Individuals who are re-entering the campus community will be expected to resume following campus guidelines on physical distancing, facial coverings, and symptom monitoring.
Who should get tested?
If you are showing symptoms of COVID-19 immediately fill out the self-reporting form at wallawalla.edu/symptom-report. You’ll be asked to provide your contact information and information about your symptoms. We will then provide directions about the next steps to take.
- The COVID-19 Response Director will contact you to discuss testing. There are currently no restrictions in the State of Washington on who can get tested. However, the Department of Health guidance to healthcare providers focuses on individuals exhibiting COVID-19 symptoms.
- Common symptoms: fever, cough and shortness of breath. Other symptoms may include chills, muscle pain, headache, sore throat, and new loss of taste or smell.
- Learn more about what to do if you get sick or are exposed to someone who is.
What do I do if I was possibly exposed to someone with COVID-19?
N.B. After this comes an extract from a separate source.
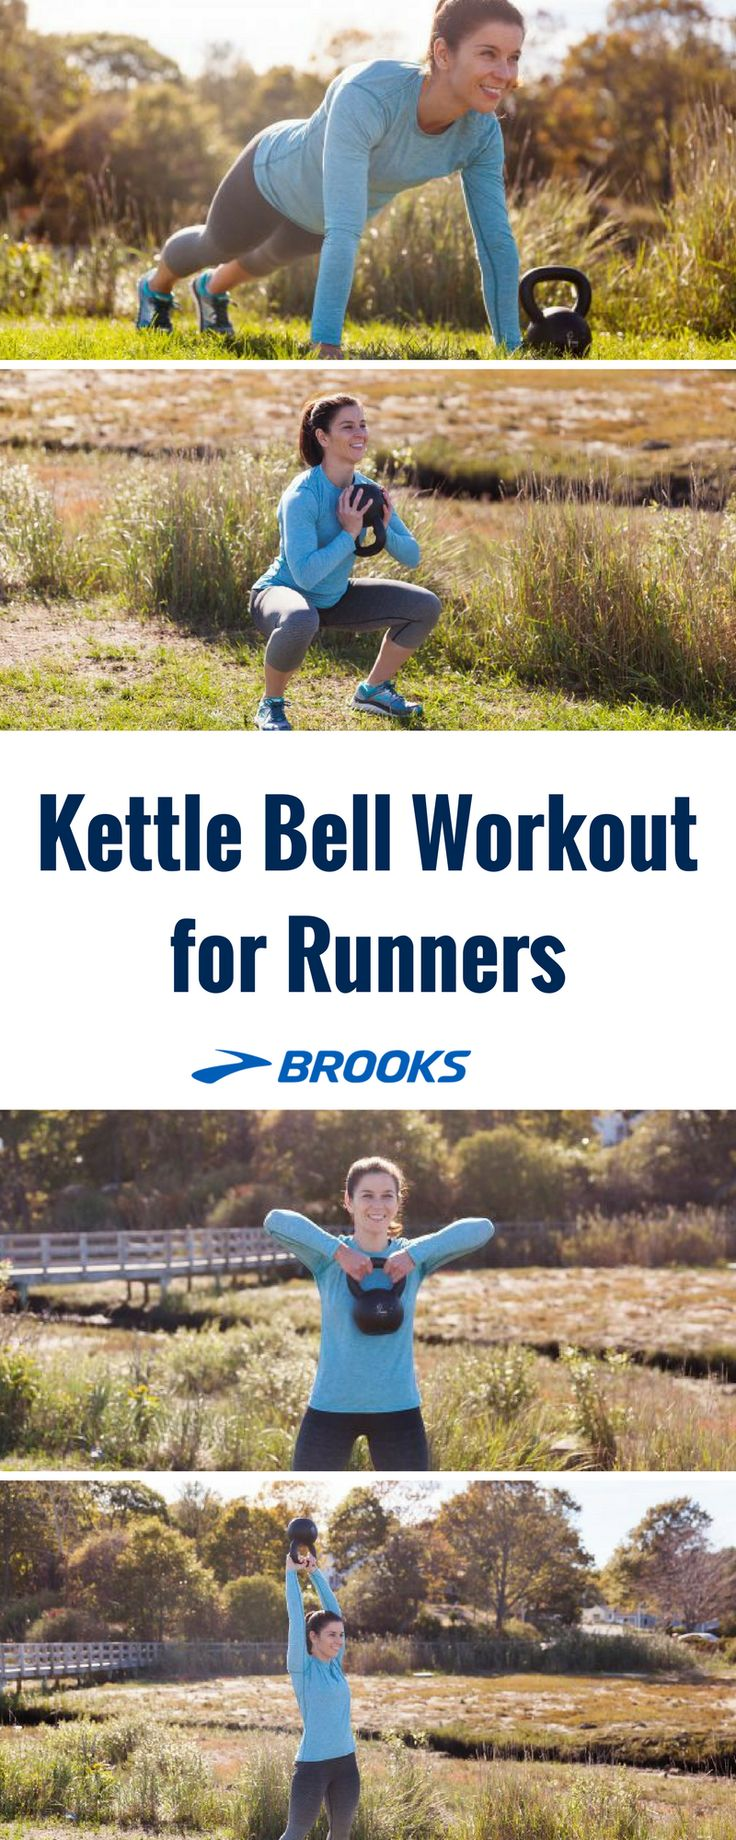 Full Body Kettle Bell Workout For Runners   The Brooks Running Blog  Running Workouts   Running Motivation   Running Tips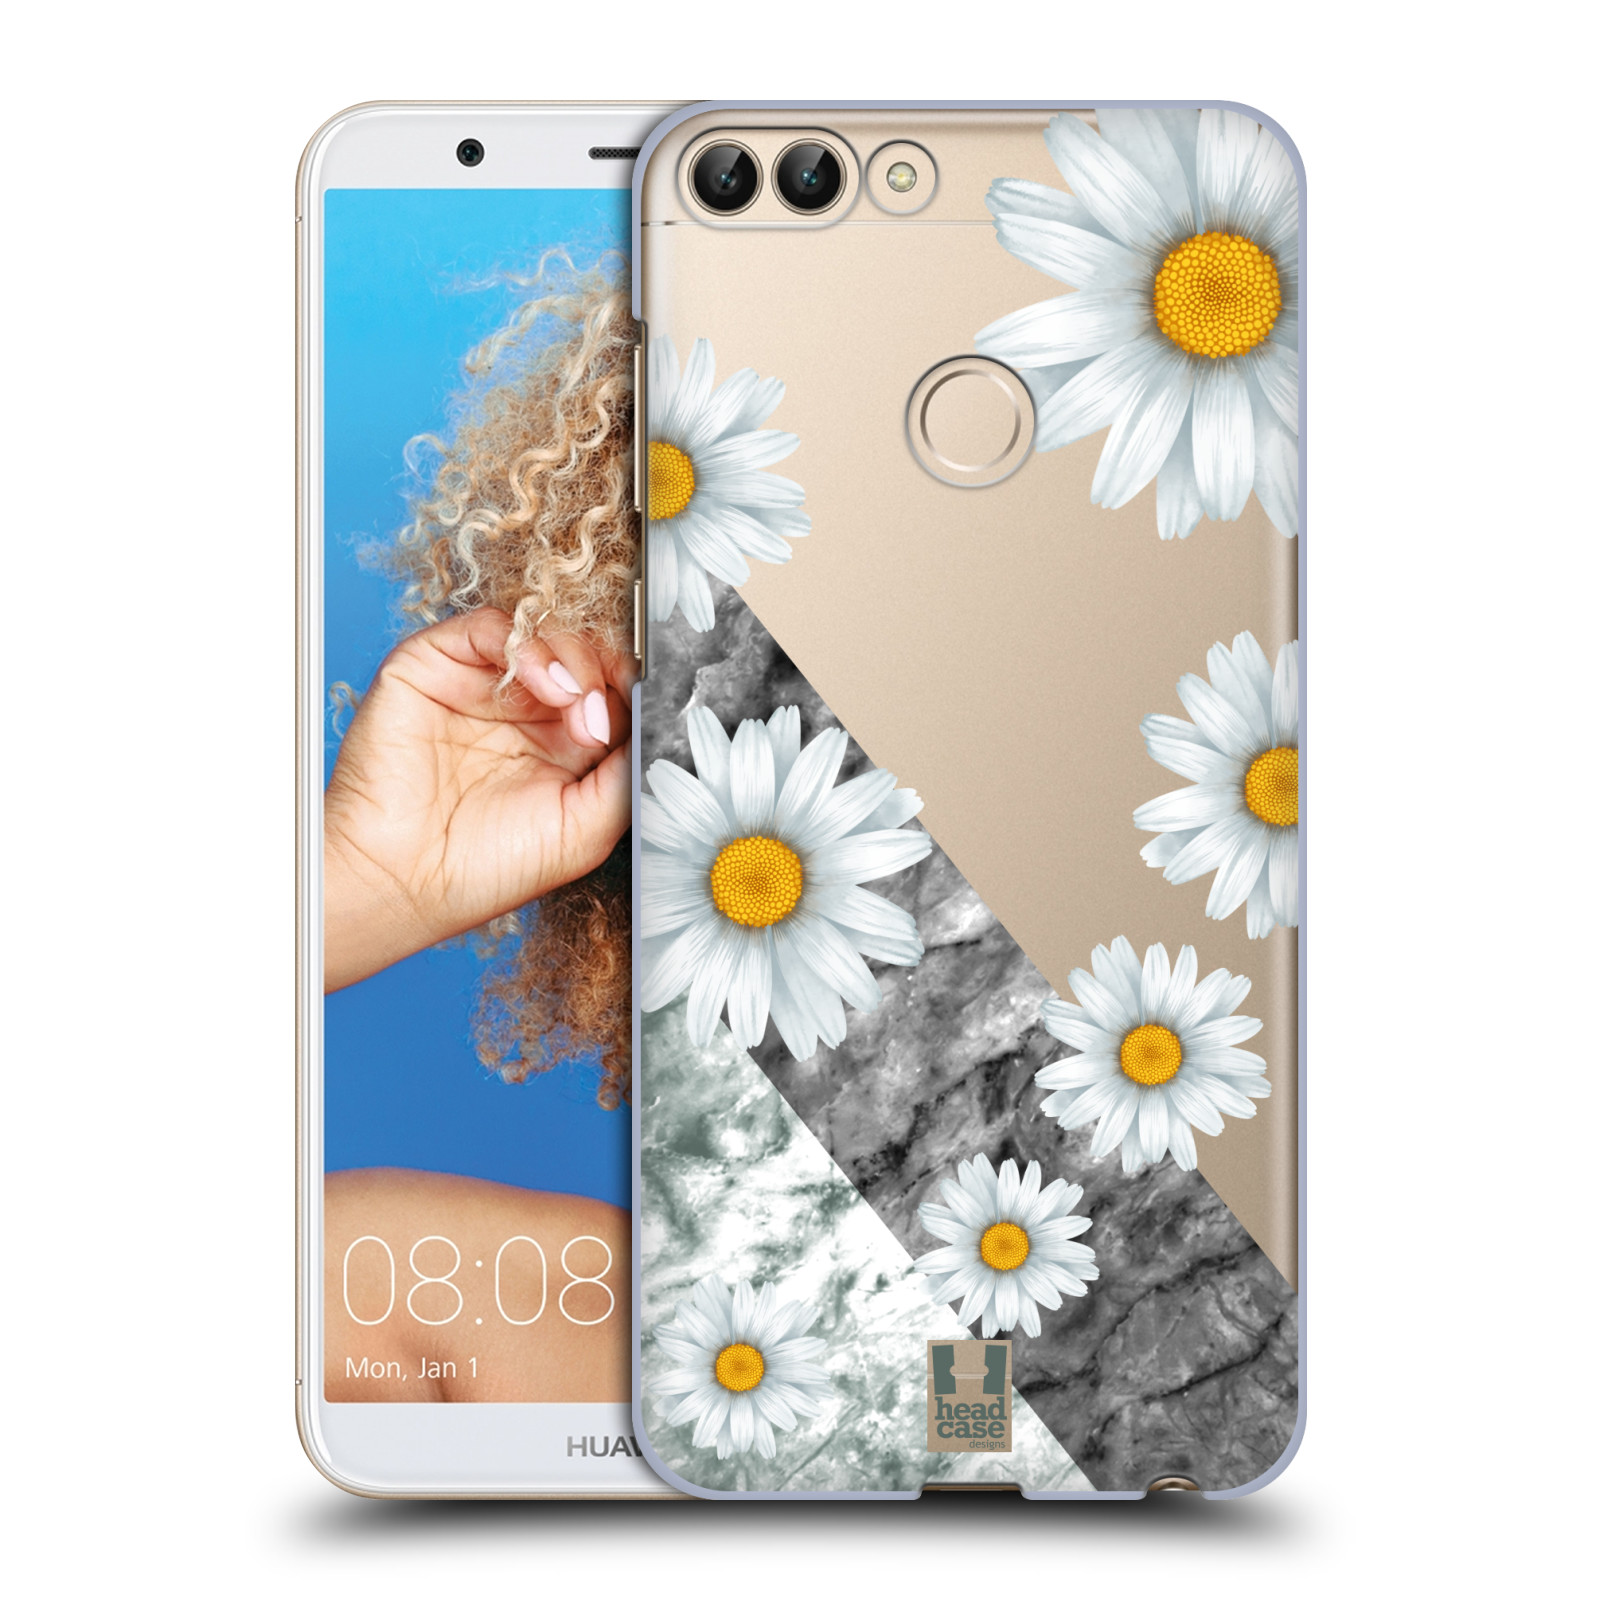 HEAD CASE plastový obal na mobil Huawei P Smart květina sedmikráska a mramor

If you have been in direct or close contact with someone who has been diagnosed with or tested positive for COVID-19, the same precautions apply as if you yourself were exhibiting symptoms. Complete the form at wallawalla.edu/symptom-report. We will provide directions about what to do next.
What do I do after I am tested?
Those with pending COVID-19 test results are asked to self-isolate at home while waiting for results. The COVID-19 Response Director will work with you and provide instructions.
Isolation is what you do if you have COVID-19 symptoms, or have tested positive for COVID-19. Isolation means you stay home and away from others (including household members) for the recommended period of time to avoid spreading illness.
Quarantine is what you do if you have been exposed to COVID-19. Quarantine means you stay home and away from others for the recommended period of time in case you are infected and are contagious. Quarantine becomes isolation if you later test positive for COVID-19 or develop COVID-19 symptoms.
When will I know my results?
3-4 days is the current estimation for receiving testing results.
If there is a positive COVID-19 diagnosis on campus, how will students, faculty, and staff be notified?
We will not release details or specific information about anyone on campus who tests positive for COVID-19, but using the contact-tracing app, SaferMe, we will be able to notify students, faculty, and staff if they have come in contact with someone with a positive diagnosis. View information about confirmed COVID-19 cases on our campuses.
Health care providers and testing locations in the Walla Walla area.
Tele-health options may be available.
If you are experiencing a life-threatening situation, call 911.
Providence St. Mary’s Medical Center
401 W Poplar St., Walla Walla, WA 99362
Daily, 24-hours for Emergency Department Care
Providence Medical Group and Urgent Care
1025 S. 2nd Ave., Walla Walla, WA 99362
Urgent Care: Daily 8 a.m.–8 p.m.
Urgent Care Drive Thru: Daily, 7 a.m.–4 p.m.
Family Medical Center
1120 W. Rose St., Walla Walla, WA 99362
Monday–Friday, 9 a.m.–6 p.m.
Jonathan M. Wainwright Memorial VA Medical Center
77 Wain Wright Dr., Walla Walla, WA 99362
Monday – Friday, 8 a.m. – 4:30 p.m.
Walla Walla Clinic
55 W. Tietan St., Walla Walla, WA 99362
Available for established patients, call primary care provider or go to walk in. Please call in advance.
Walla Walla County Department of Community Health
As needed for outbreak/facility testing
WWU Care Team
The WWU Care Team is here to help any member of the WWU community if you are sick, in self-isolation, or in quarantine and will provide food, supplies, medical consultation, spiritual connection and mental health resources.